Data shown.
[Start of section]

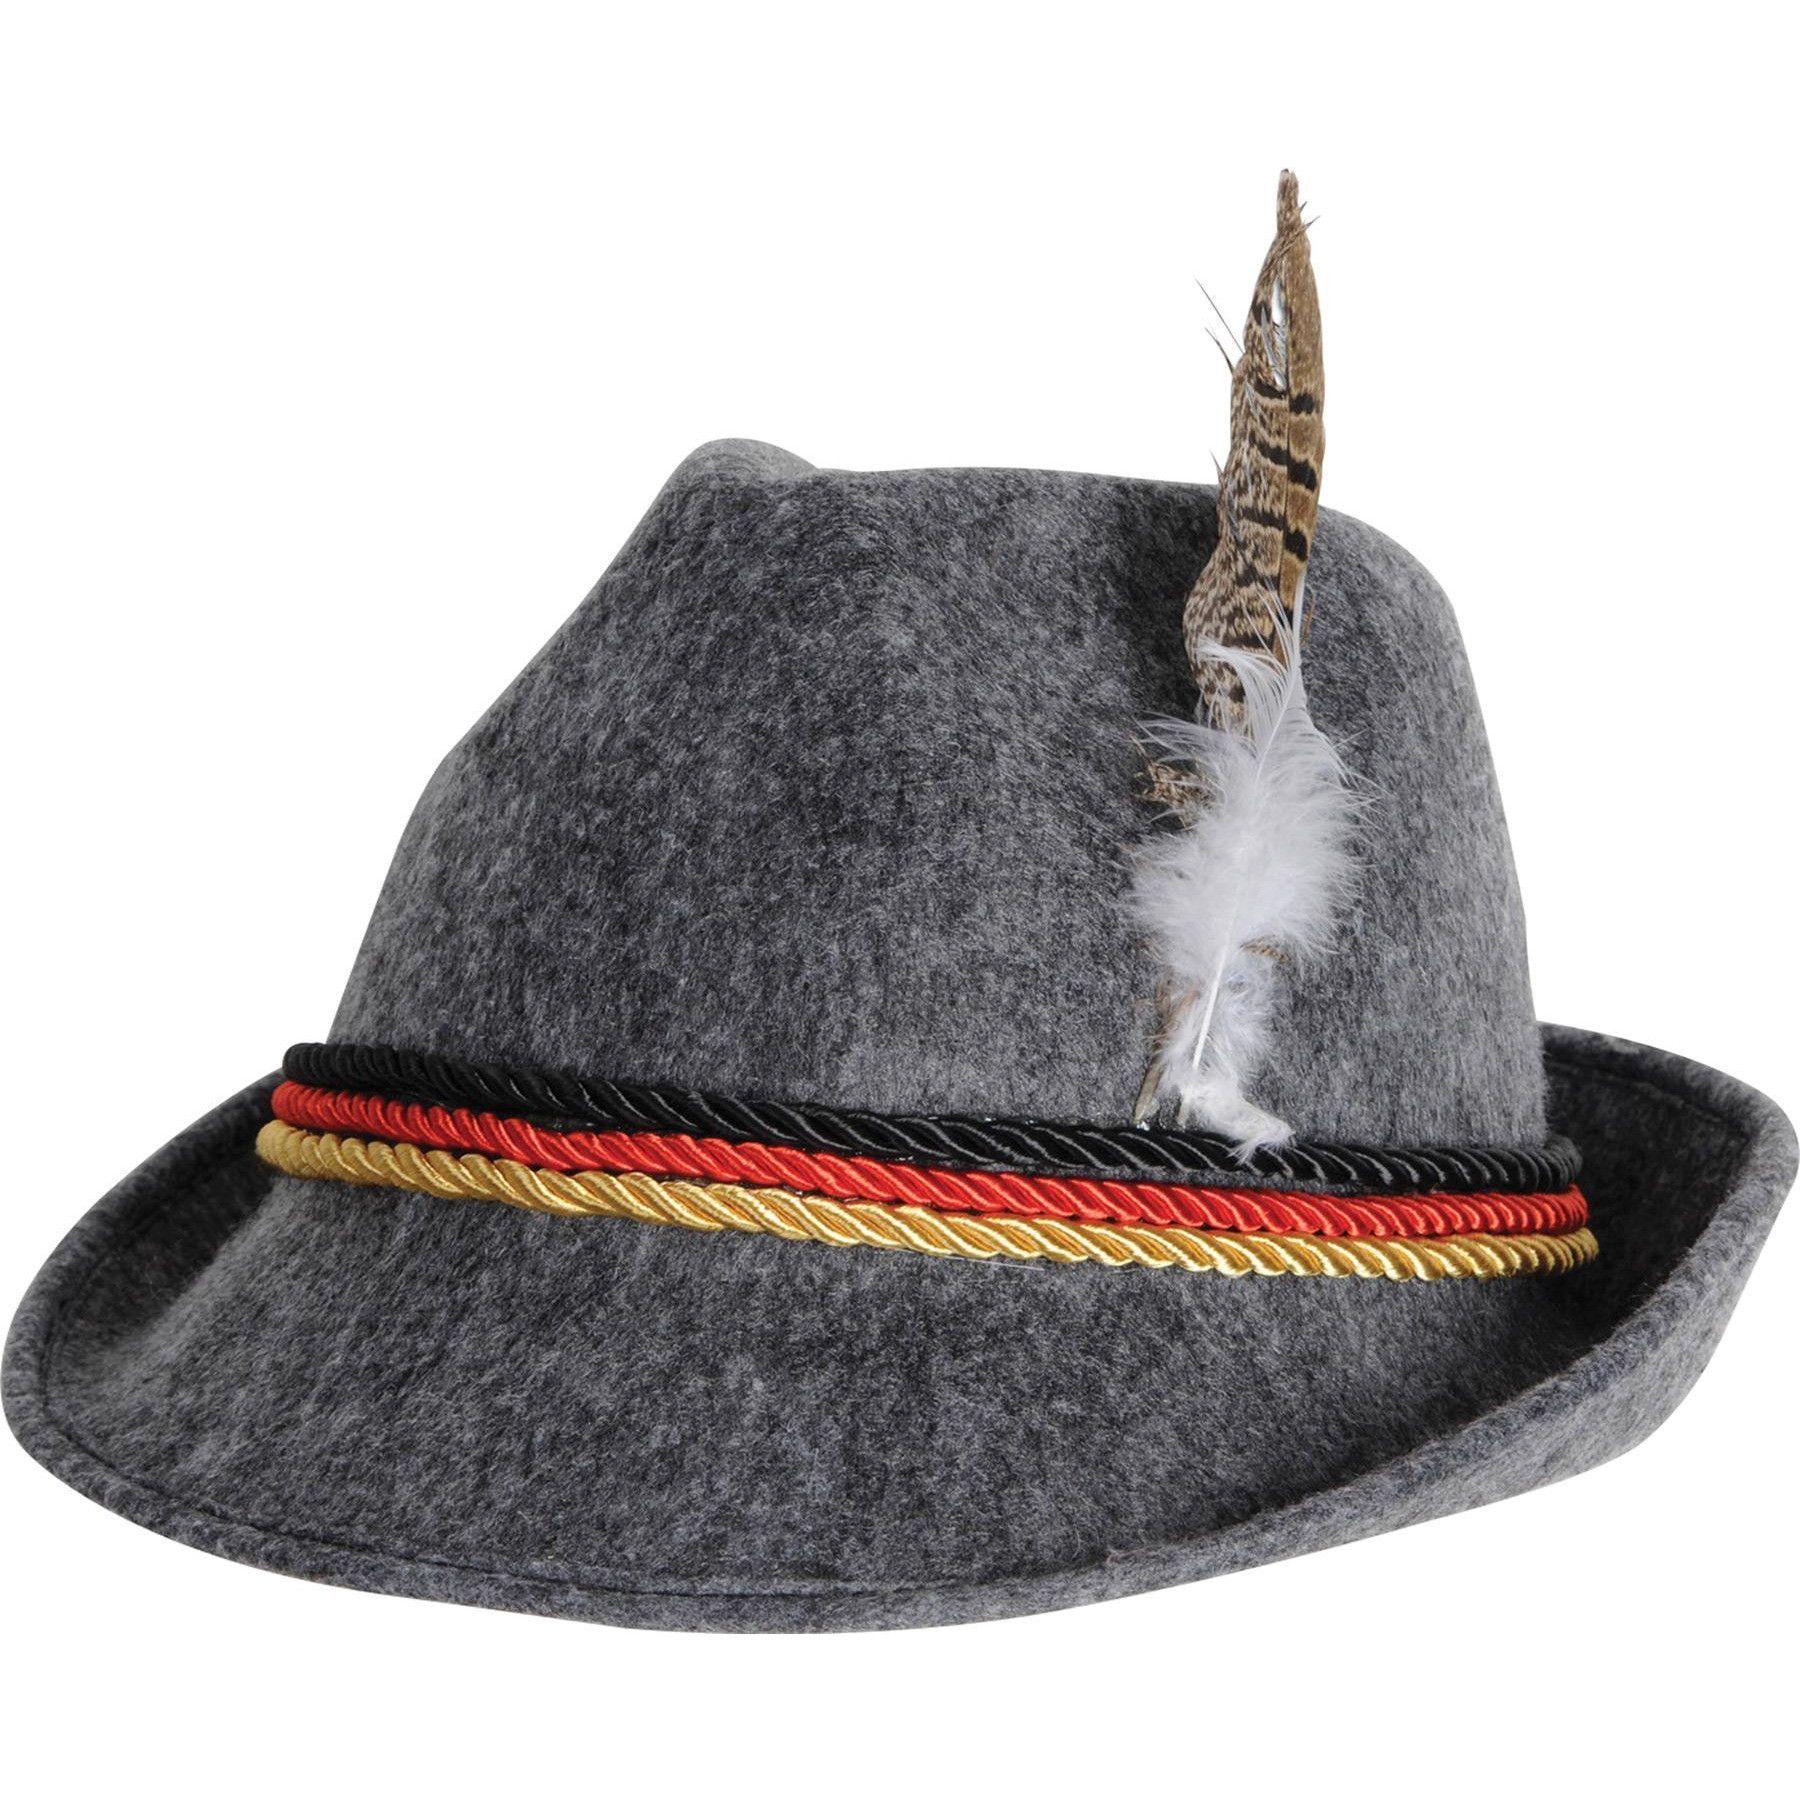 b215f05c578ba9 German Alpine Hat Lederhosen Costume, German Oktoberfest, Oktoberfest Beer,  Oktoberfest Party Costume,
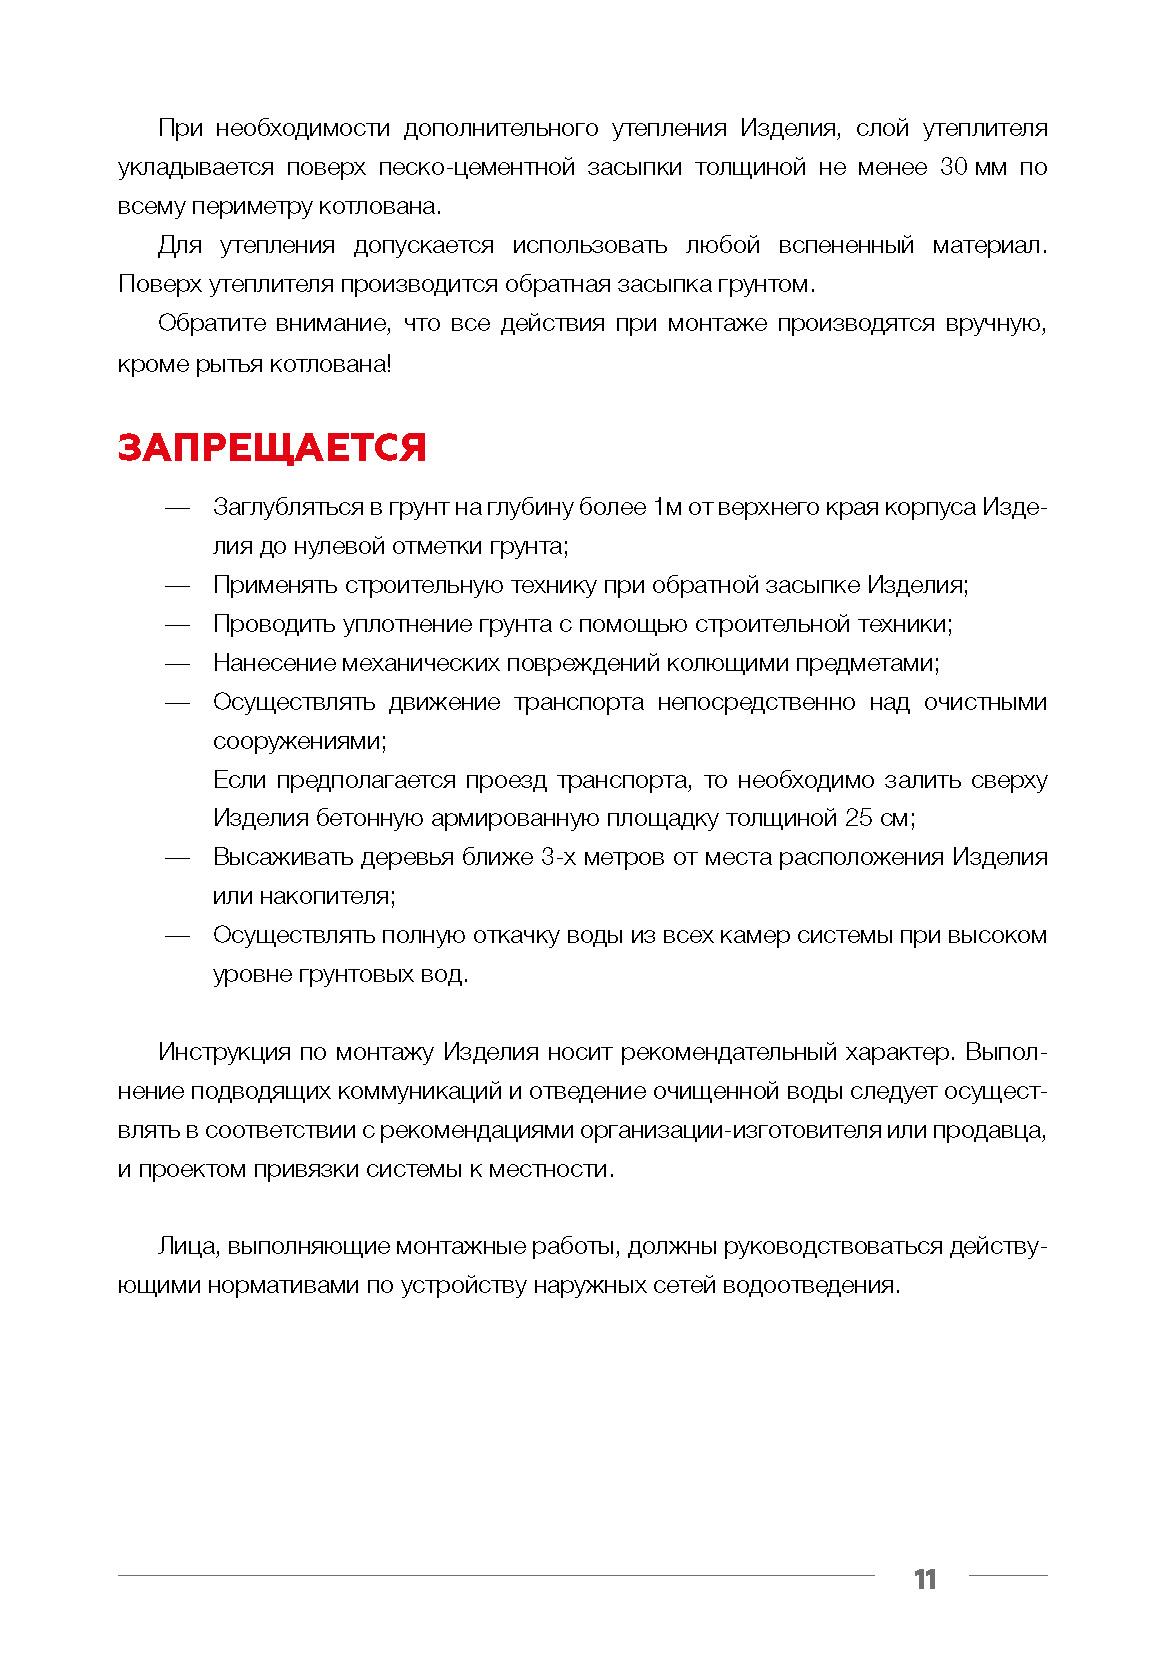 Технический паспорт Евролос Био_Страница_13
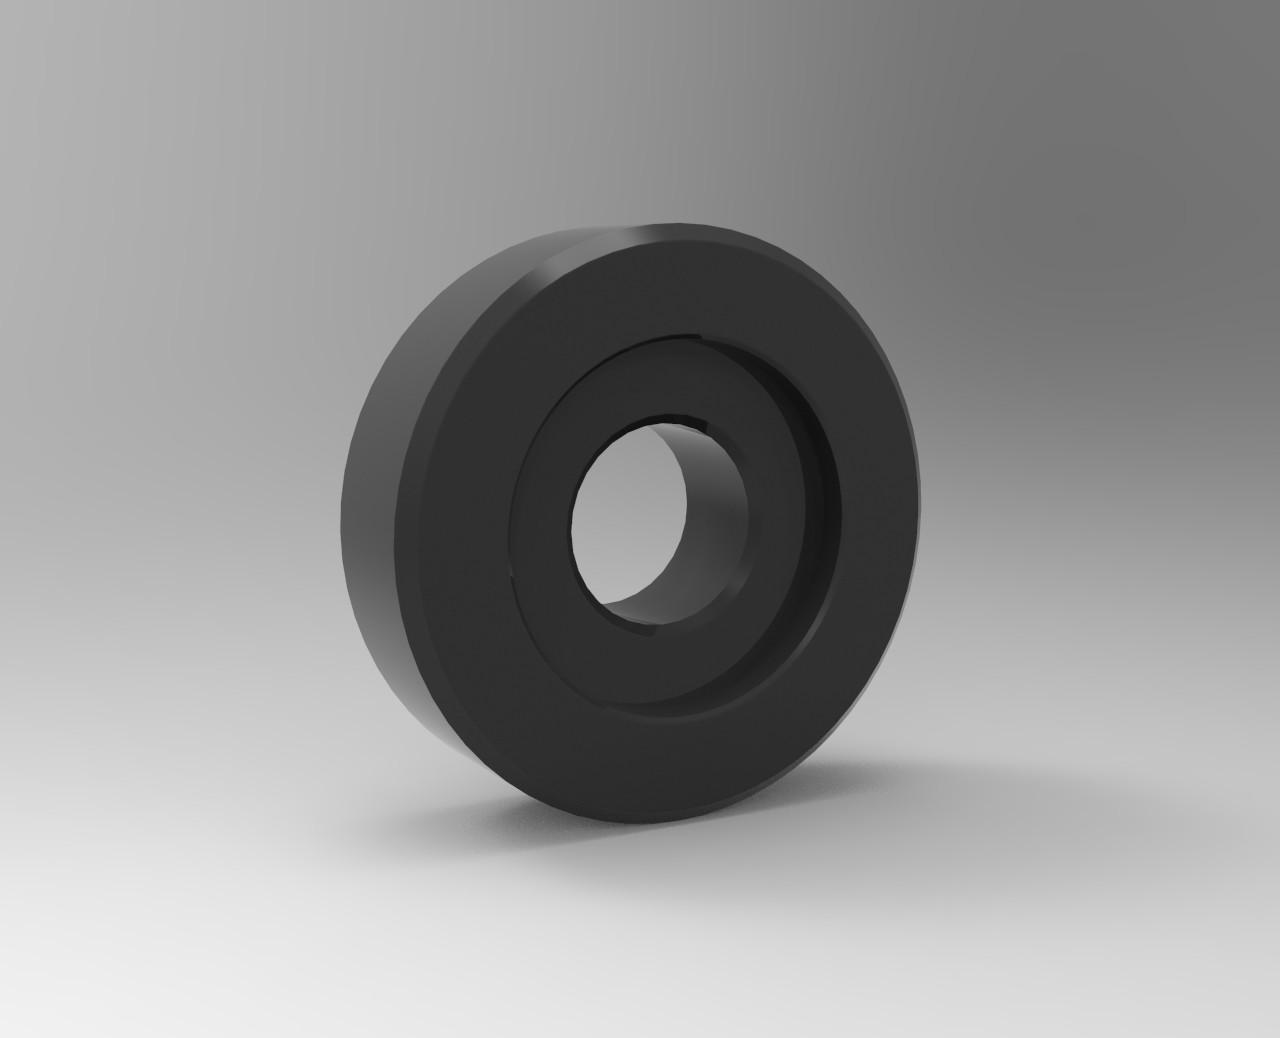 Belt Adjustment Wheel - Autohelm 4000, ST4000 Wheelpilot

[End of section]

Goal of the exercise.
Print the material above word for word, and keep the pictures out of it.

Your response.
 b215f05c578ba9 German Alpine Hat Lederhosen Costume, German Oktoberfest, Oktoberfest Beer,  Oktoberfest Party Costume,
 Технический паспорт Евролос Био_Страница_13
 Belt Adjustment Wheel - Autohelm 4000, ST4000 Wheelpilot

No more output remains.